End to End Text Recognition Model Deployment on CPU, GPU, and VPU With OpenVINO

Published in

The Startup

7 min readOct 12, 2020

Text detection and text recognition result. Image credits

Hello everyone,

In this post, I will walk you through all the steps of installing OpenVINO along with its dependencies, and then running a text recognition model on the edge using Intel CPU, integrated GPU(iGPU), and VPU.

What is special about this article?
* Consolidated guide to aid in inferencing pre-trained models of Intel OpenVINO model zoo.
* Addressing possible errors associated with OpenVINO toolkit installation and inferencing.
* Deploying the pre-trained model across Intel devices like CPU, GPU, and VPU.

Let’s get started:

Before going to the details of how to deploy a text detection and recognition pipeline on the edge. let me share some brief info on OpenVINO and its workflow.

A quick intro to OpenVINO Toolkit

OpenVINO toolkit stands for Open Visual Inference and Neural Network Optimization.
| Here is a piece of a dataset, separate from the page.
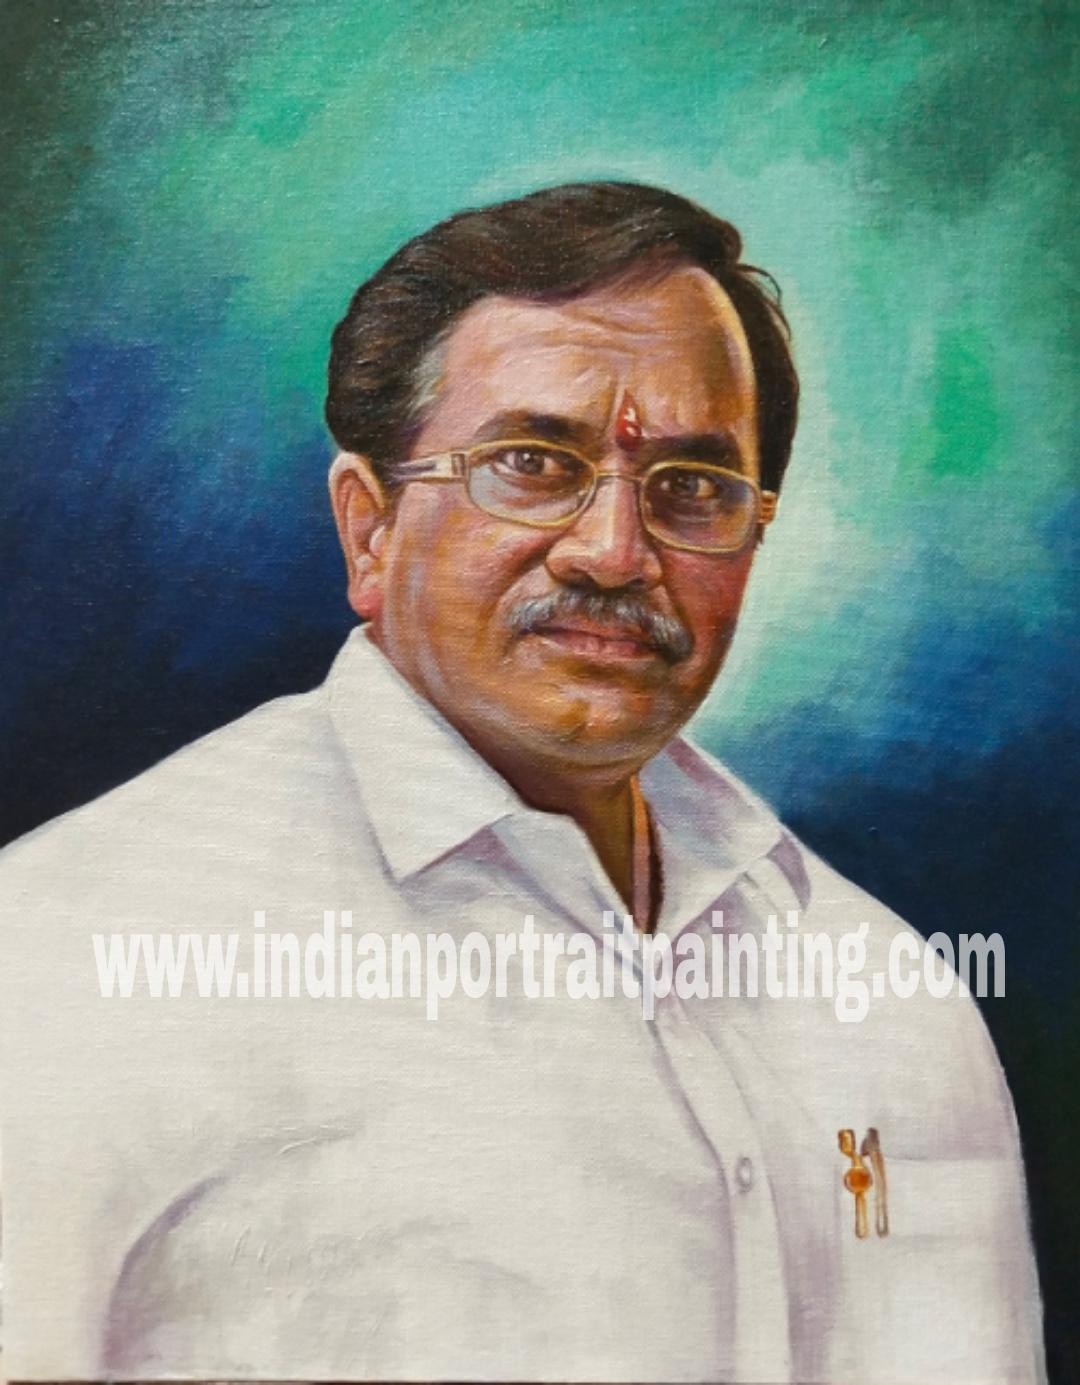 Customizable portrait painting creator

The toolkit addresses two key aspects, which are Model Optimization and Inferencing.

Most of the deep learning models are always trained on powerful deep learning accelerators. But when it comes to real-time deployments, one may have to deploy them on low compute devices and at the edge or on on-prem servers, rather than deploying them on the cloud.

This can be addressed with the help of the OpenVINO toolkit to be able to deploy at the edge. Let’s understand the workflow details of deployment in the three steps mentioned below

Train a Model

Train your model using any of the popular Machine learning frameworks, that are available out there. (In this article, we shall skip the training part by taking a pre-trained model from the model zoo)
OpenVINO supports models trained on frameworks such as TensorFlow, Caffe, MXNet, Kaldi, and ONNX.
You can download a pre-trained model from the Open Model Zoo. I am selecting the text recognition and detection models, for this article.

2. Model Optimizer

Model Optimizer converts the trained model to an Intermediate representation (IR) by removing the redundant layers and function that is not required post model freezing
The imported models are converted into Intermediate Representation (IR) files (.XML and .bin) files.
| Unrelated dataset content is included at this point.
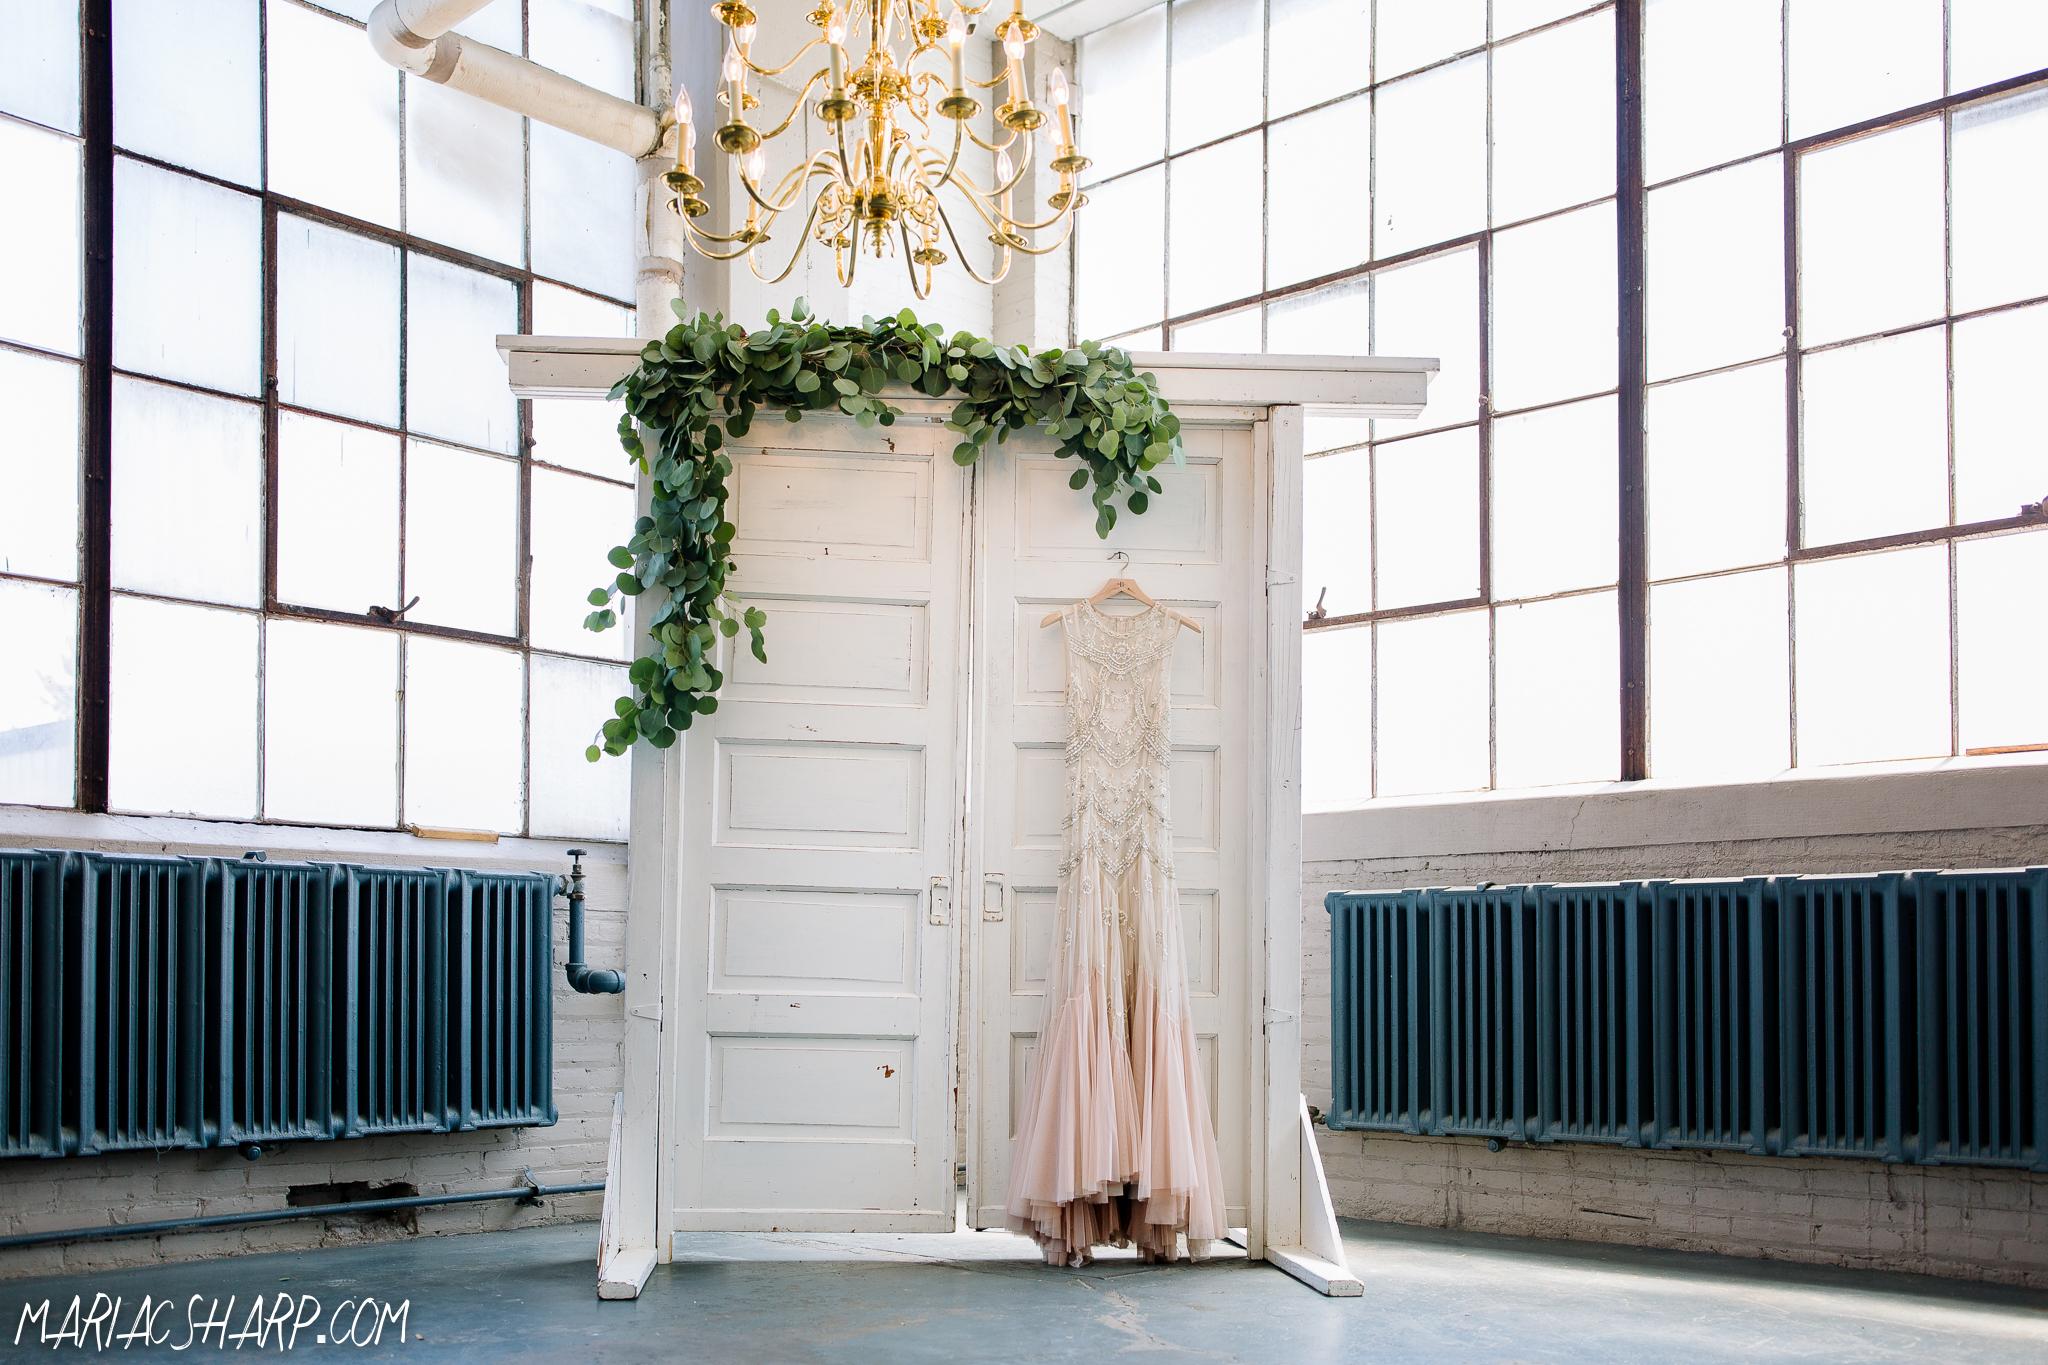 Cassie-Larson-Matt-Seccombe-wedding-20170715-001.jpg

1. *.xml - Describes the network topology
2. *.bin - Contains the weights (& biases) binary data

As I am downloading a pre-trained model from the model zoo, I already have XML and BIN files. In my subsequent article will discuss how to generate IR files for custom models. (Stay tuned :))

3. Inference engine

The inferencing engine runs on the IR files (.xml and .bin) obtained from step-2 or Intel pre-trained models available in IR format.

The inference engine is focused on Hardware optimizations to improve the model further

Inference Engine supports all Intel-based hardware

CPU (Central Processing Unit)
GPU (Graphical Processing Unit)
VPU (Visual Processing Unit) like Intel Neural Compute Stick 2 (NCS 2)
FPGA (Field Programmable Gate Array).

Hope you’ve got a brief intro about the OpenVINO for more details you can find the OpenVINO documentation here

Let’s start with the implementation…

Step 1: OpenVINO installation on Windows OS

Download (~193 MB)

To download the OpenVINO toolkit, the user has to register with the link here

Choose the OS (Windows)> Select distribution (web download) > Installer type (offline) > click (Register and download).
Choose Windows OS (radio button) > Fill the details
You’ll receive an e-mail with the URL to download.

Installation

OpenVINO installation

Following the above steps, the .exe file of the OpenVINO toolkit will be downloaded to your local windows machine in the downloads folder (default)

Installation of the toolkit is easy it is similar to any other software installation. During the installation procedure, you may notice that other dependencies are required since OpenVINO needs dependencies such as Microsoft VS2017, CMake, Python 3.6 or greater we will install soon

Microsoft VS2017 installation

OpenVINO needs Microsoft VS2017 to build C++ based pre-trained models

MSVC 2017 installer can be downloaded from here. Choose the Community version since it is free for students, researchers, and developers.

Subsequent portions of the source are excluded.